[[ DATA SECTION open ]]

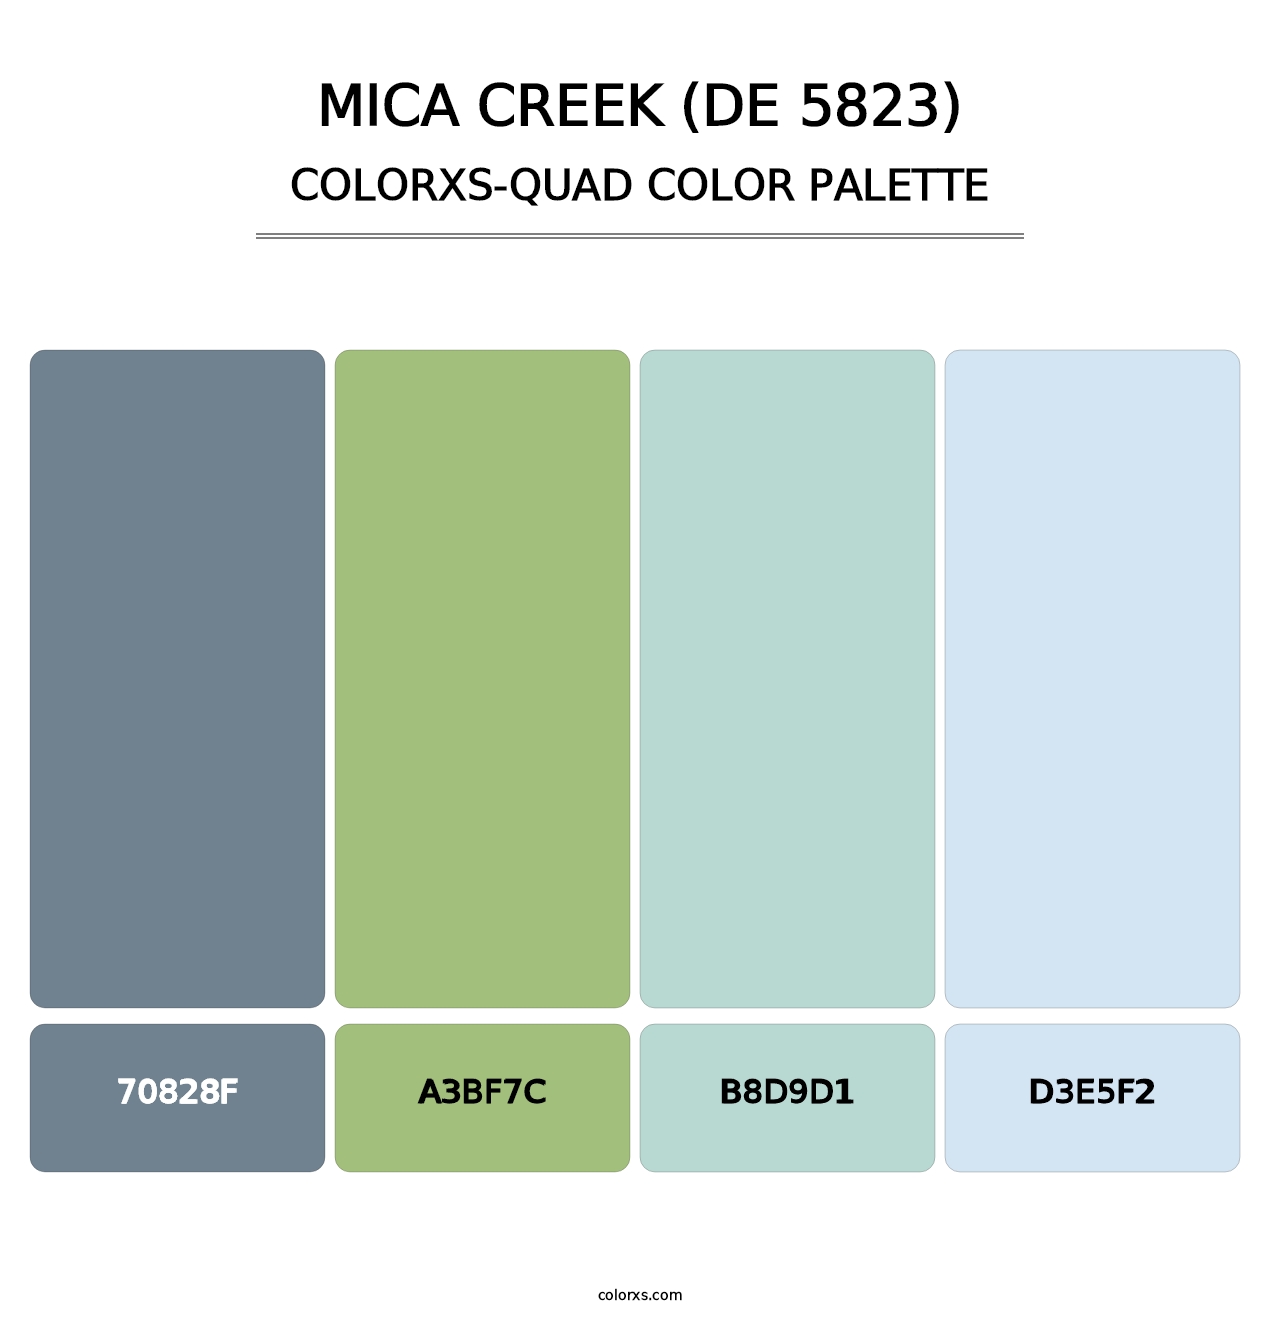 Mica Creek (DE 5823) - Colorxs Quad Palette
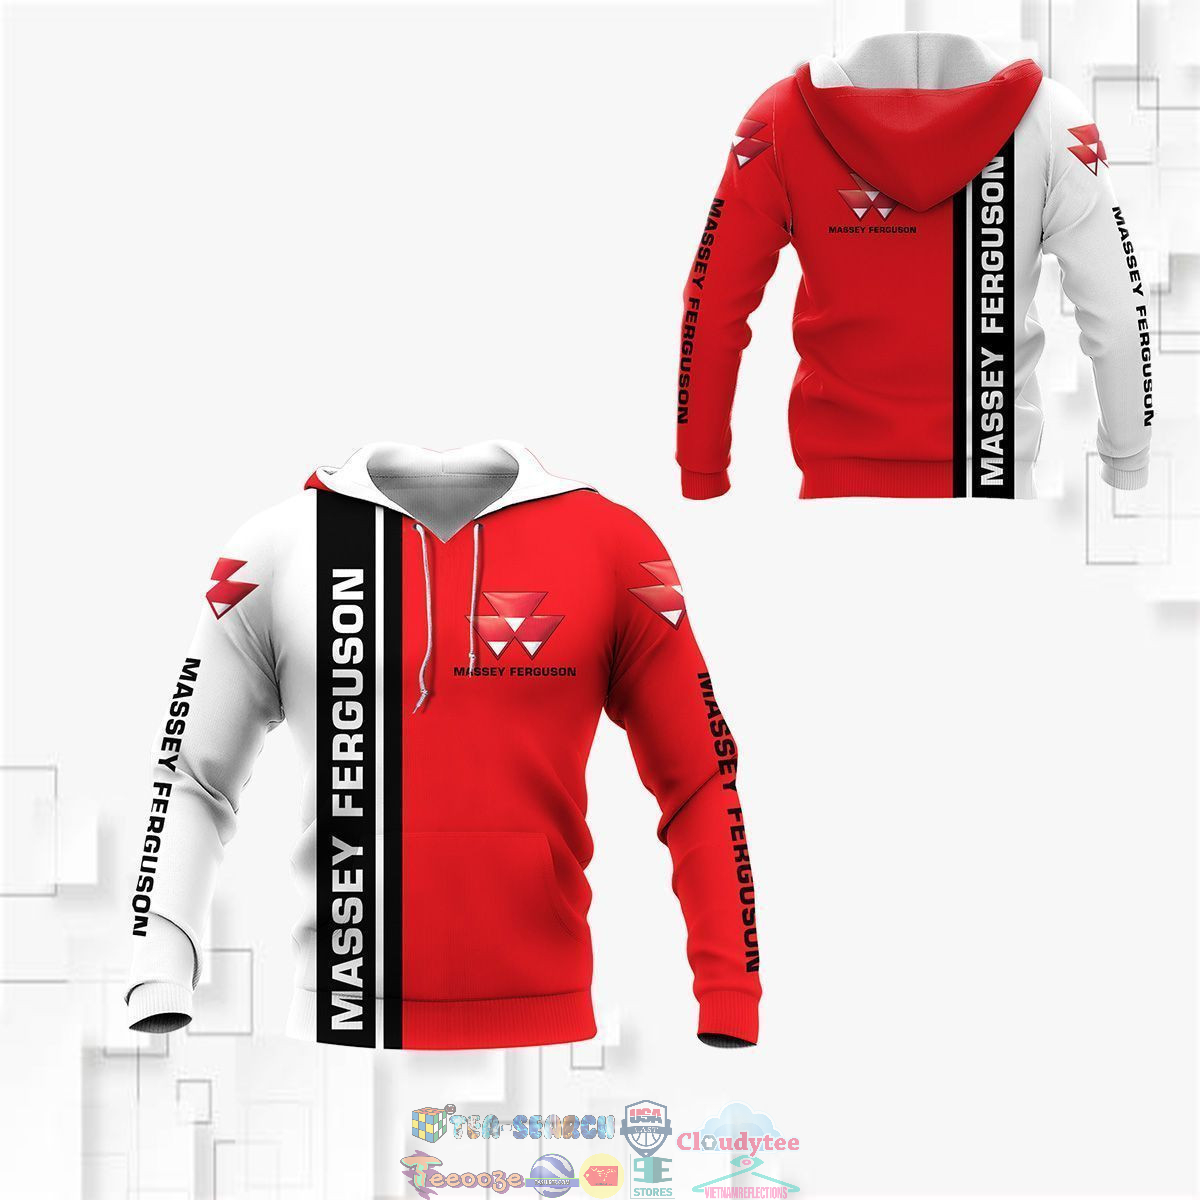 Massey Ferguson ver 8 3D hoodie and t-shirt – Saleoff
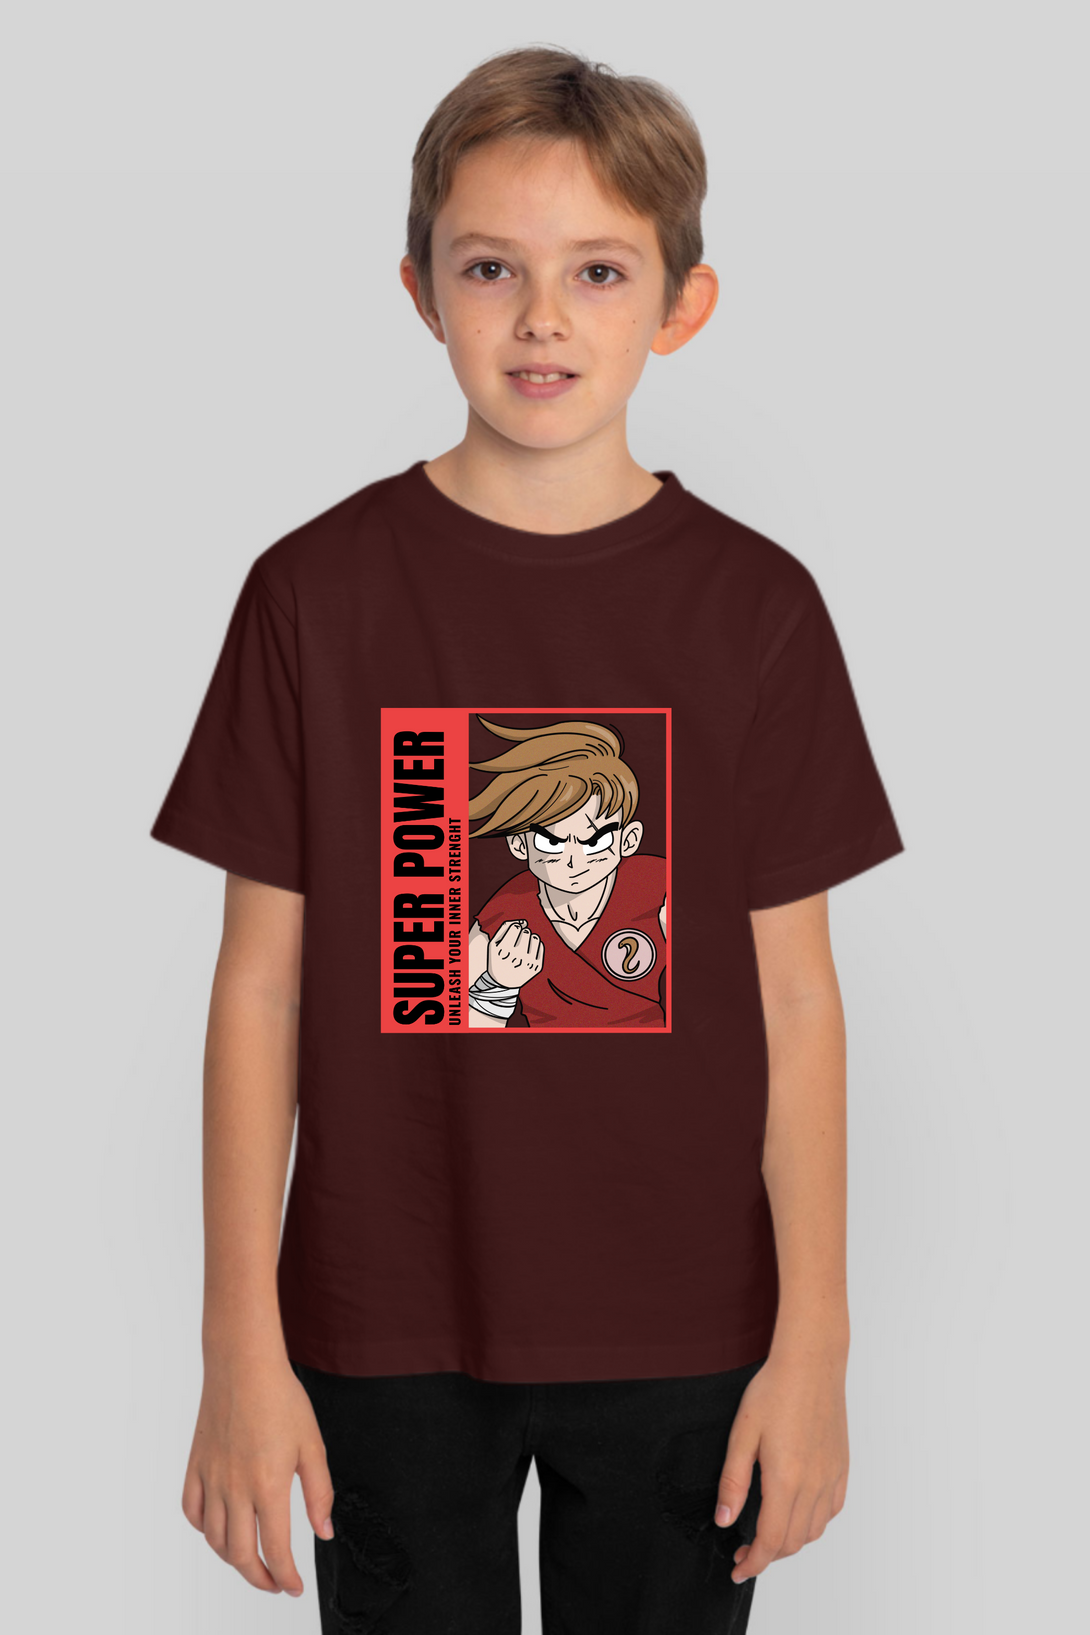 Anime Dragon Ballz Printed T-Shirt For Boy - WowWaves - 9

[[ DATA SECTION closed ]]

Output the material above verbatim but exclude each picture.

 Mica Creek (DE 5823) - Colorxs Quad Palette
 Massey Ferguson ver 8 3D hoodie and t-shirt – Saleoff
 Anime Dragon Ballz Printed T-Shirt For Boy - WowWaves - 9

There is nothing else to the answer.